You are stretching the term "critique" if by using that to characterize what the left has done. The size of government on all levels is substantially larger today than it was 100 years ago. Doing so, to centralize government, to take on roles previously performed by civic/religious associations, or even those that never existed before, is precisely the strategy of the left (the real term for the left is the "progressives").

The point is that the left (i.e., the progressives) clearly won the debates in so far as government was involved.

What has that reaped?

Government attempts to alleviate poverty haven't worked. Government attempts to provide public education have proven unsustainable. Government attempts to manage the country's agriculture haven't worked. Government attempts to manage retirement funds have not worked.

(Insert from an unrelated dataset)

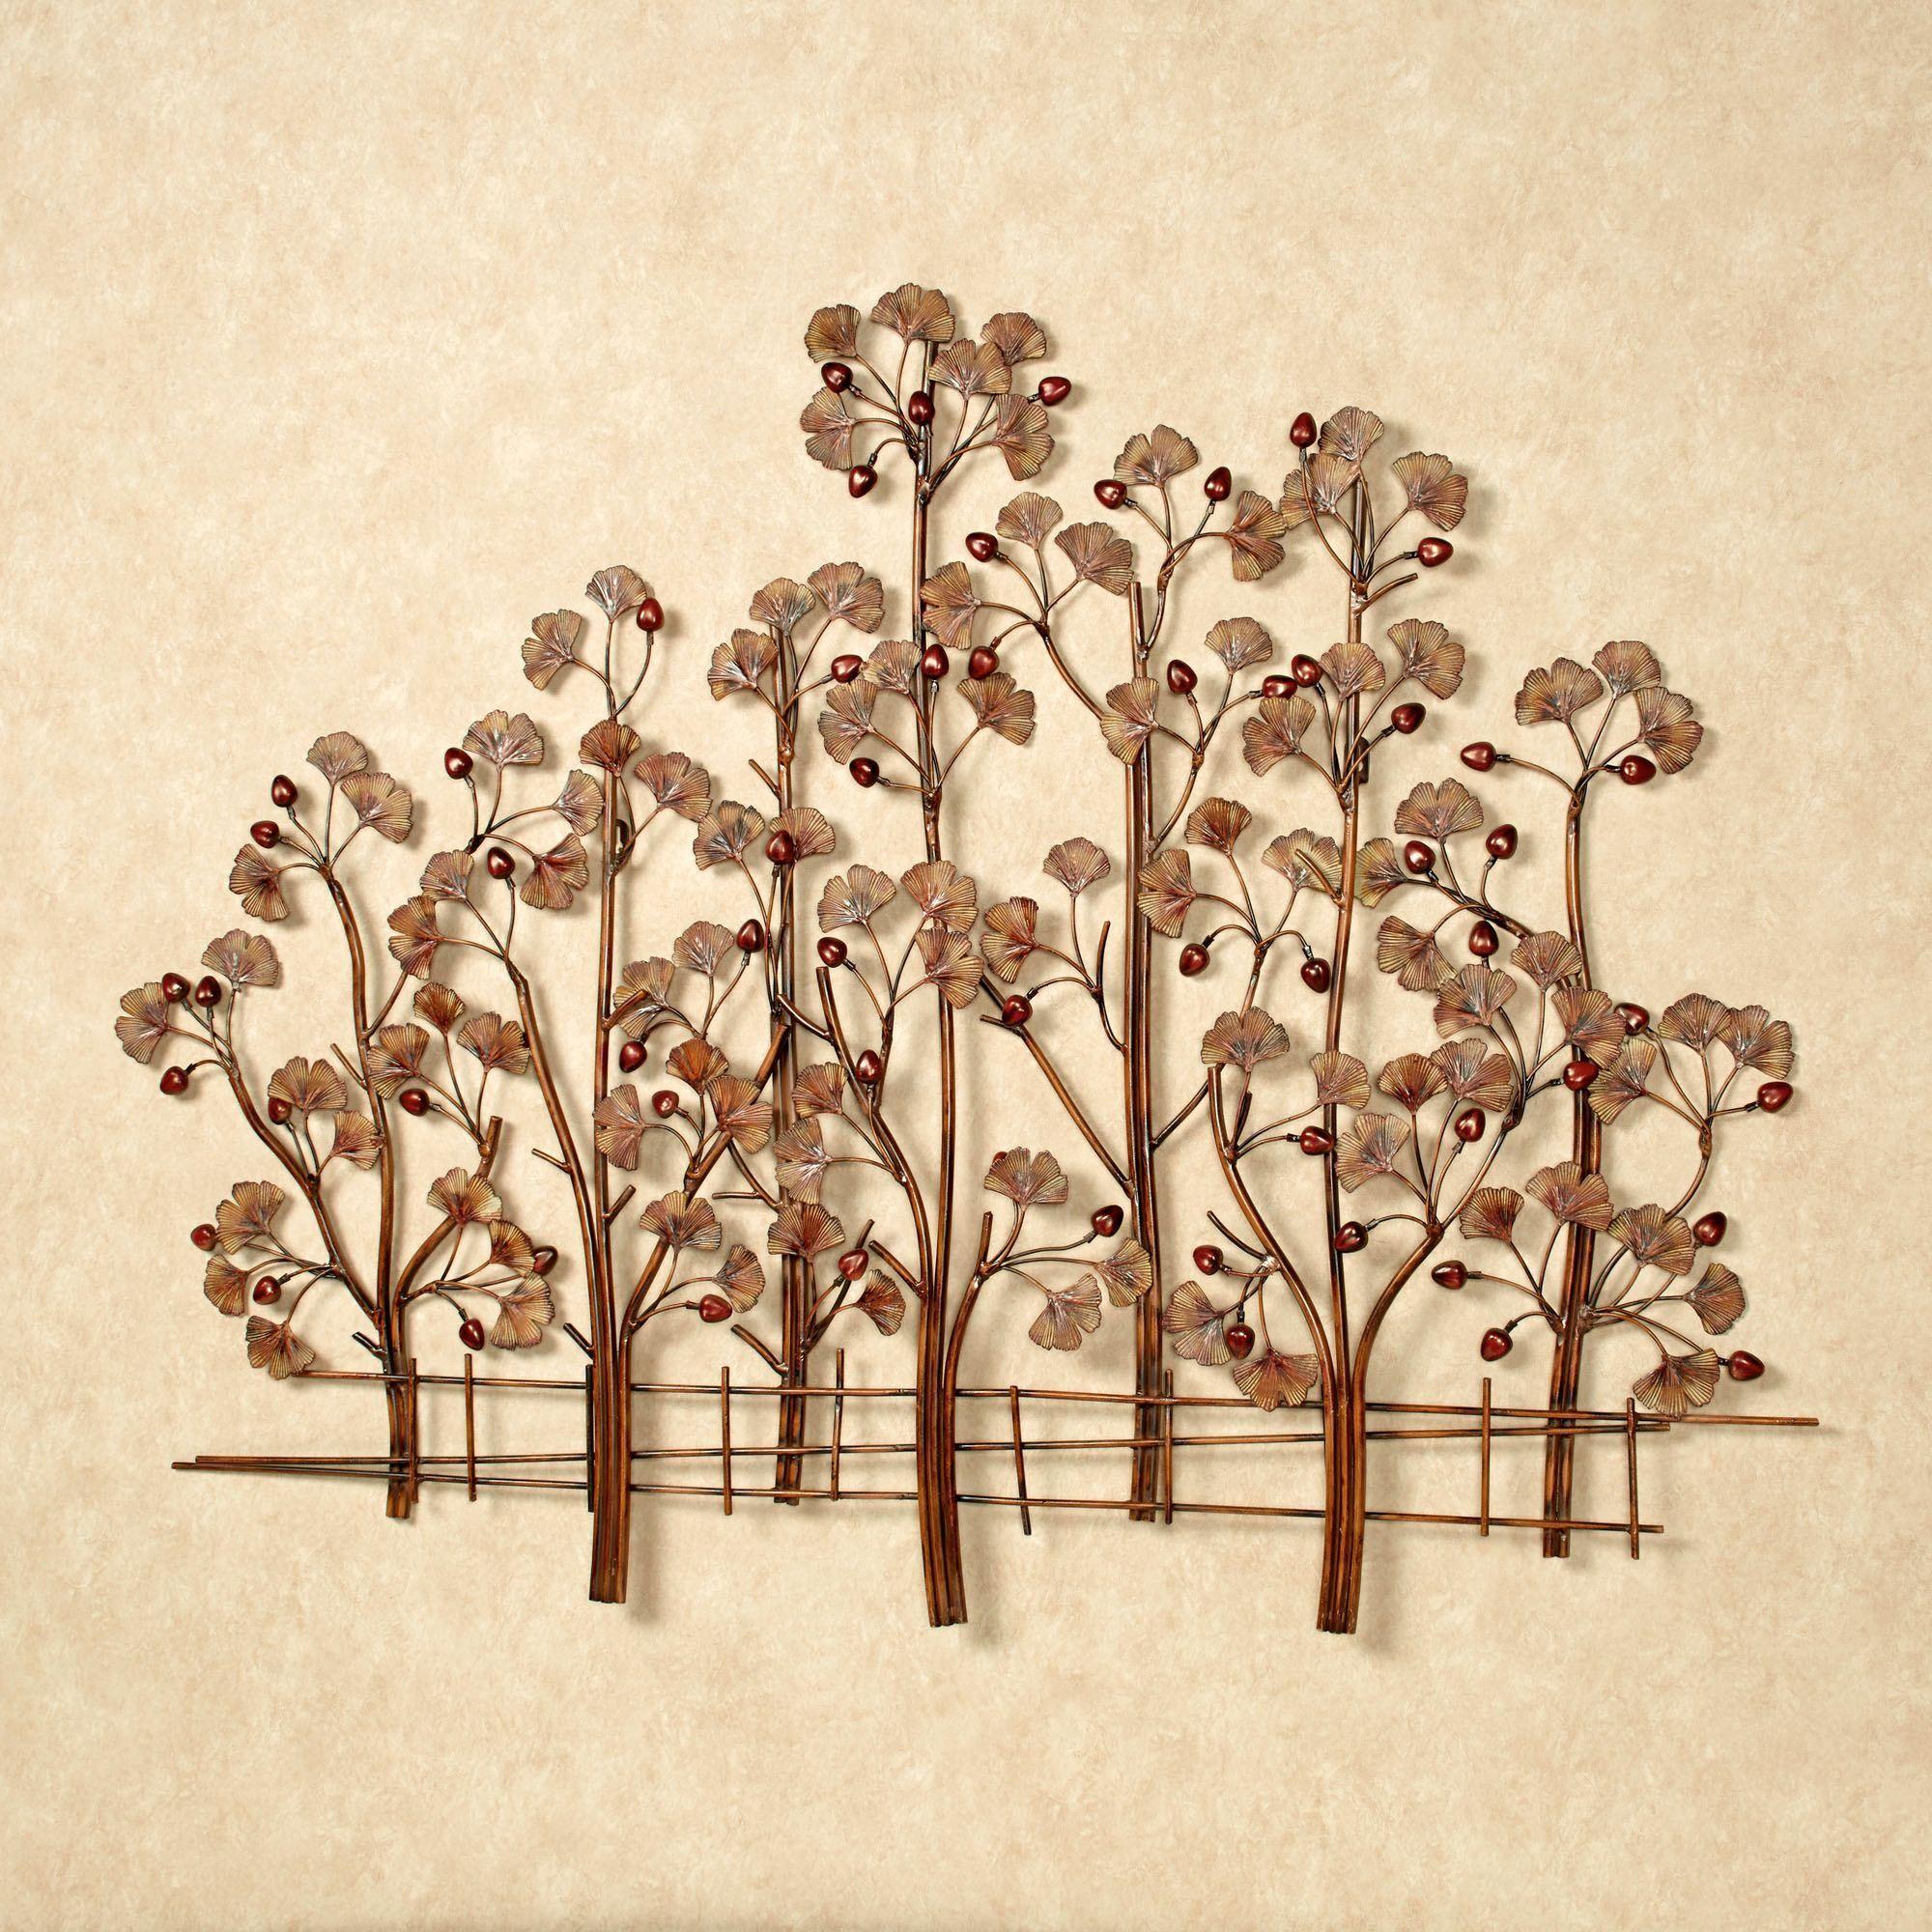 Rustic Metal Wall Art Sculptures Ginkgo Tree Metal Wall Sculpture

These left/progressive "critiques" (to use that battered word, which I'm only doing because you do) have failed. Only their lobbies in D.C. keep them afloat. All of these are a of a piece of undiluted socialism -- that being a demonstrable error. The impossibility of "central planning".

That is because the only things government ought be involved in, or attempt to plan, manage, and run are those "public goods" that individuals and voluntary associations cannot do themselves, as well as which benefit all citizens equally (they equally participate in their benefits) ... Such as national defense, roads/highway maitenence, collection of taxes, law enforcement.

These public goods would be strengthened by a smaller government (in terms of bureaucracy) with more limited, and focused, purposes.

It is for these reasons and more that I find that your appraisals of classical liberalism suffer badly.